Your taxes put to good use.

Your taxes put to good use.

And, finally, if you really want to play the abusive card, be very careful of who you accuse with abuse. Yes, I agree, there is something abusive.

For example, a nation that has forsaken its children. A people that forget. In grade school, we are taught “nationalistic” values such as bayanihan, wherein when one person needs help moving, everyone in the barrio lifts the bahay kubo. A culture that treats the poor as dirt, that dismisses their anguish as laziness, that mocks their hunger, that glorifies their pain. Where is compassion? Where is empathy? Where is that Filipino nationhood that we all seek to build? Or are they just empty statements for Facebook statuses?

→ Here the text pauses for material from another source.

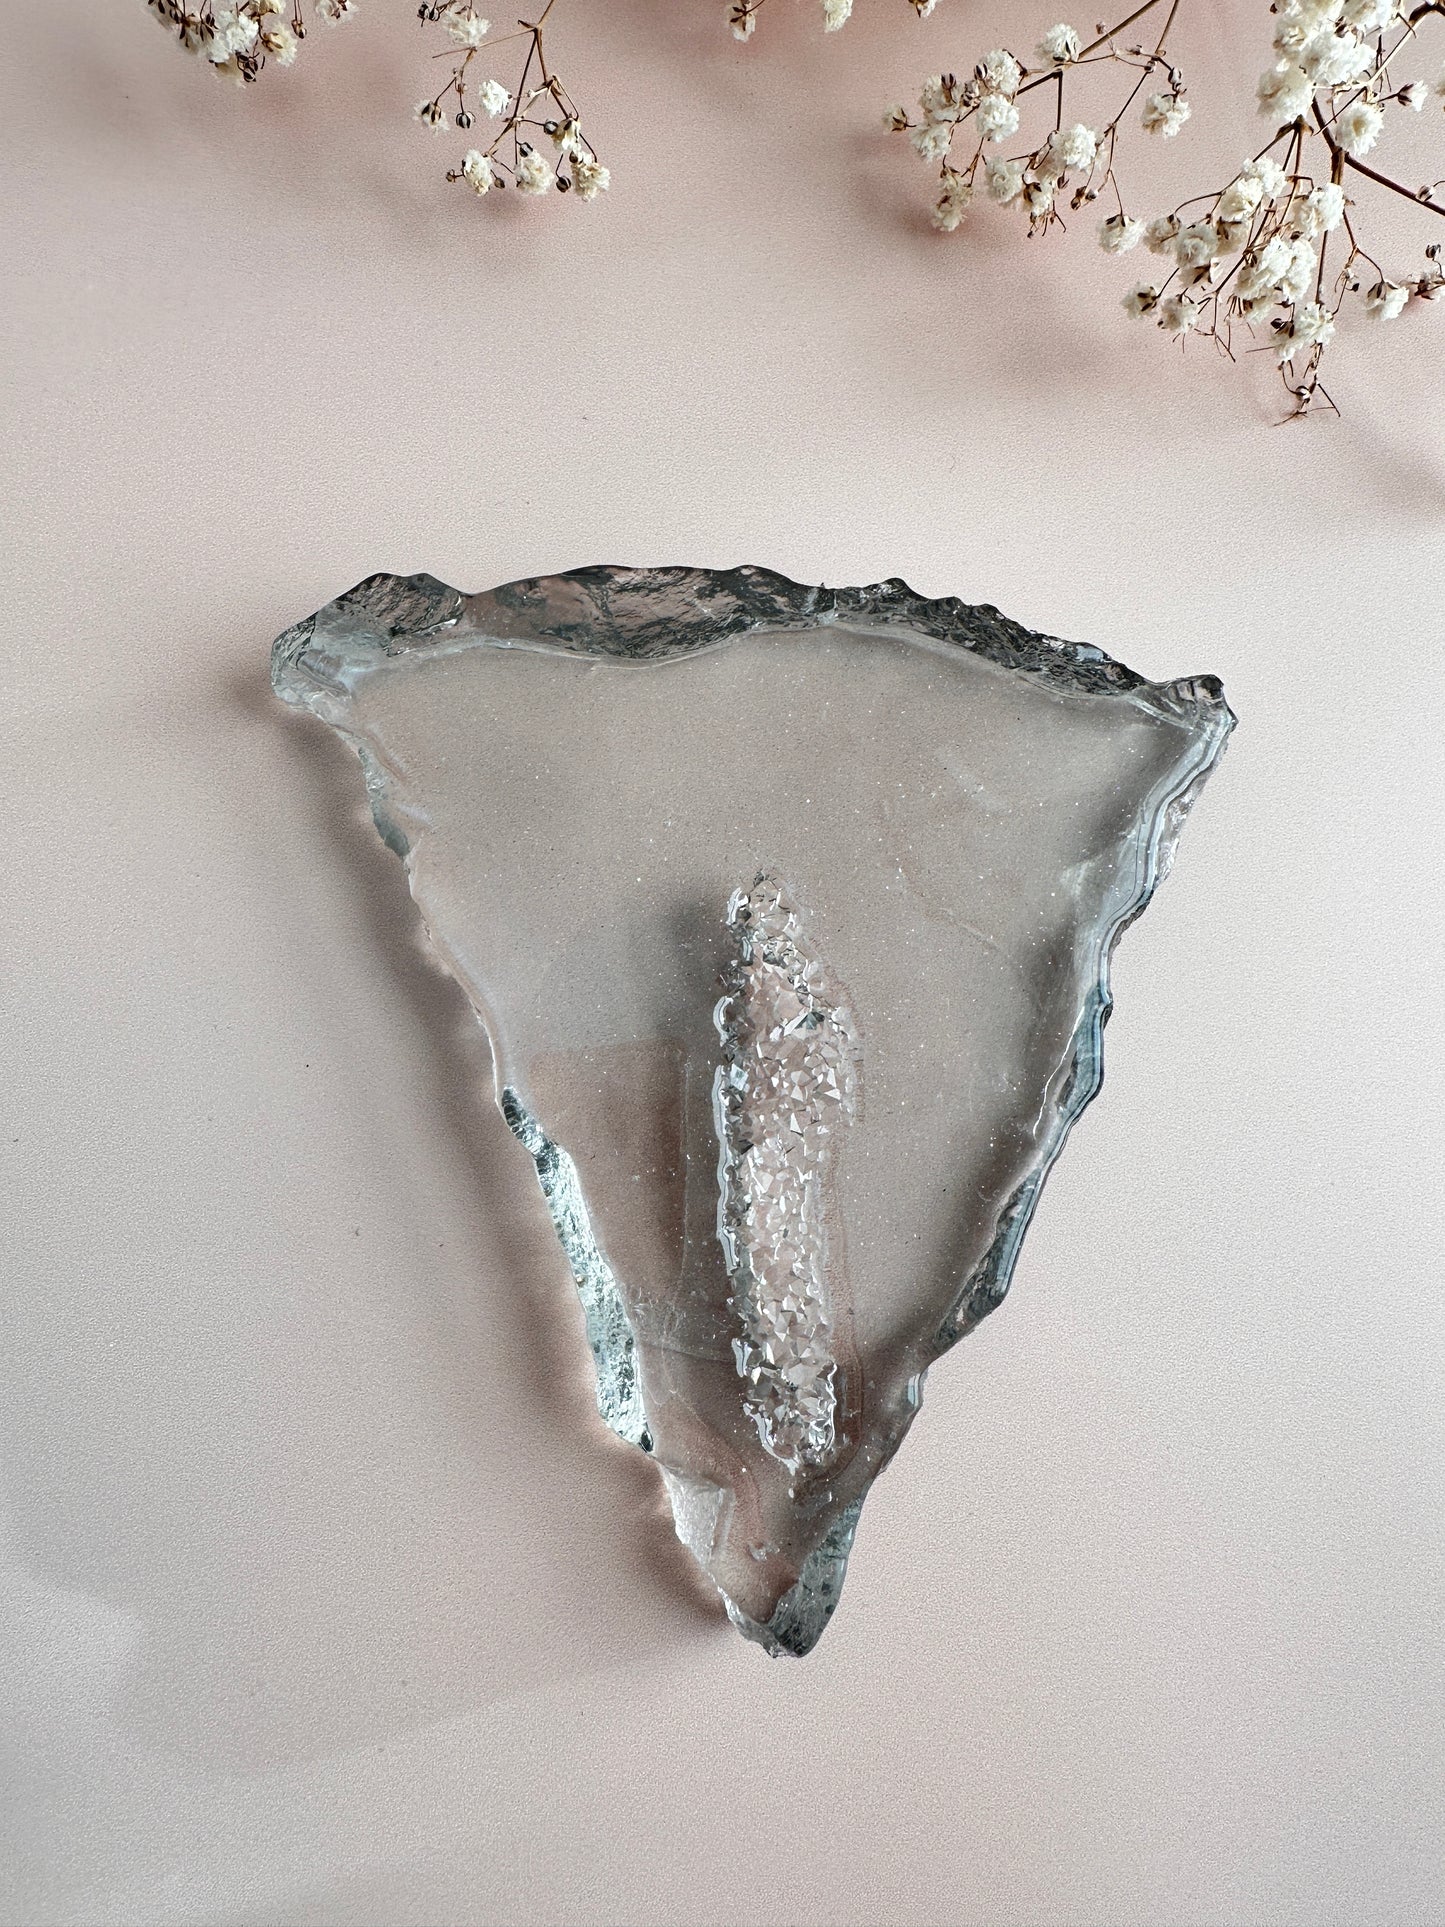 Unique Silicone Mold for Resin with Edges of Broken Stone and Geode Crystal Effect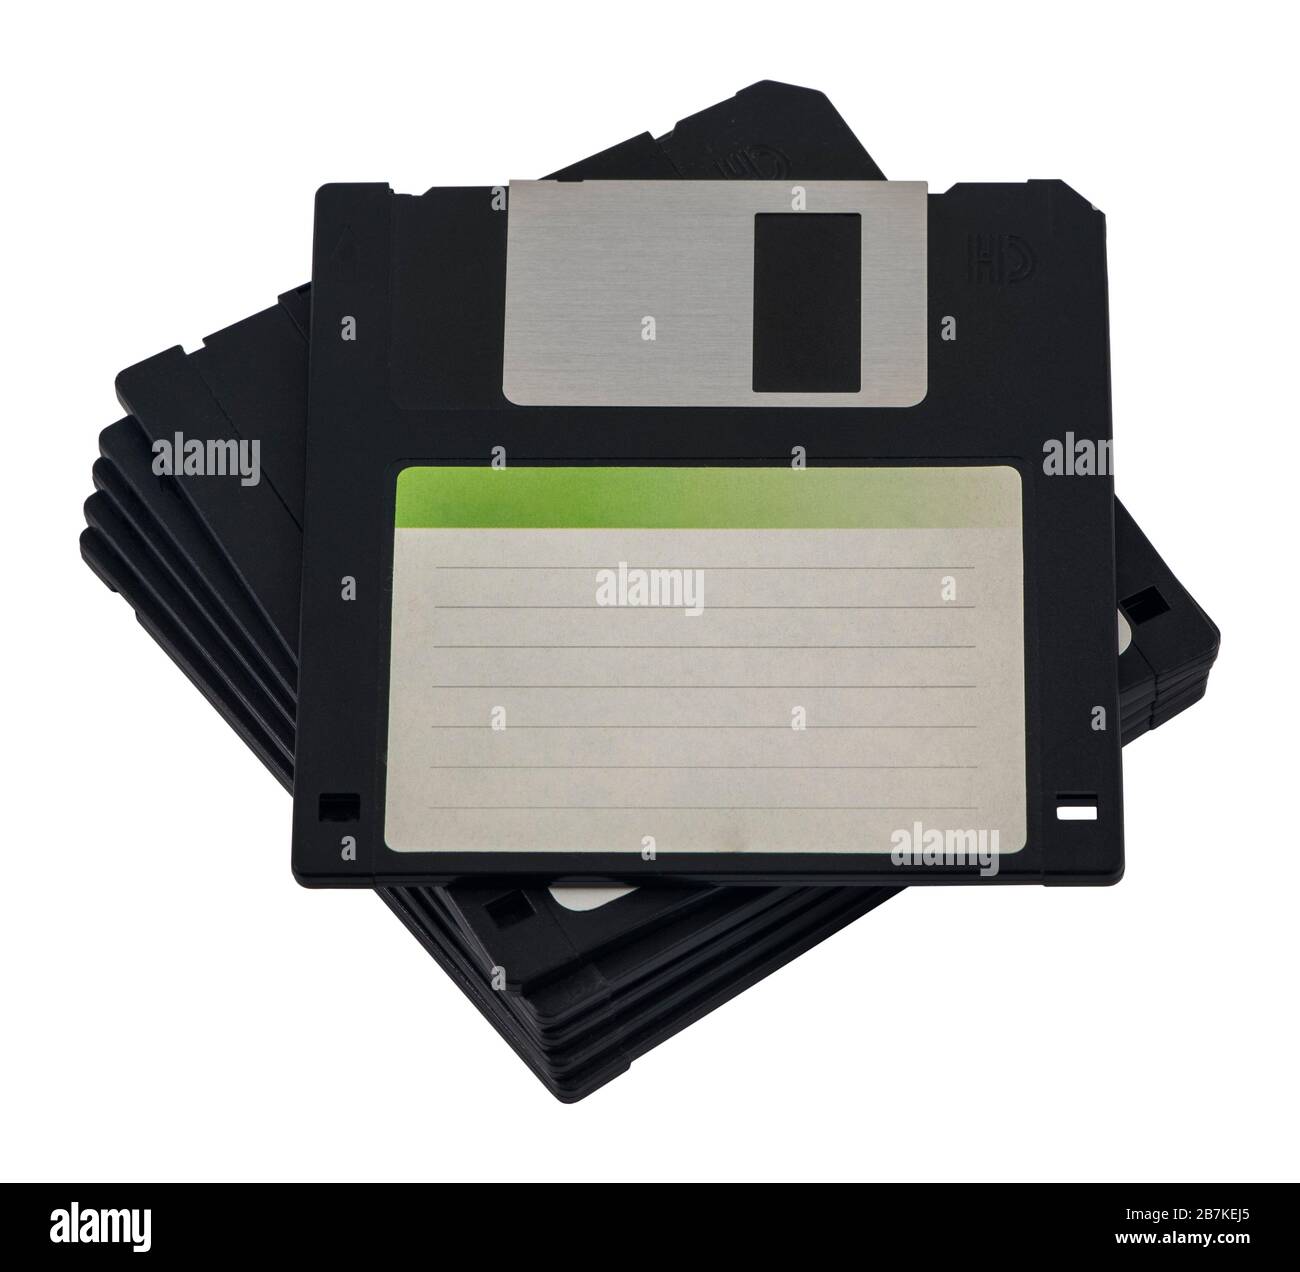 Stacked floppy disks / diskettes isolated on white background. Floppy disc with blank sticker on top. Stock Photo

They are squatters and they are poor, let them get jobs!

They are hungry and they are poor, let them eat cake!

The middle class that had the opportunity to read Dickens and Hugo, that have condemed Versailles, are now the Marie Antoinettes of society. They do not understand. This is not abuse. Because what part of they are the victims of daily abuse is so hard to understand? When you see the house where all your children have grew up torn down by demolitionists — no, this is not abuse. This is not arrogance. This is rebellion. This is revolution.

Would you side with your countrymen and raise a flag for liberte, egalite, et fraternite? Or would you prefer the sweet fall of the guillotine against your neck?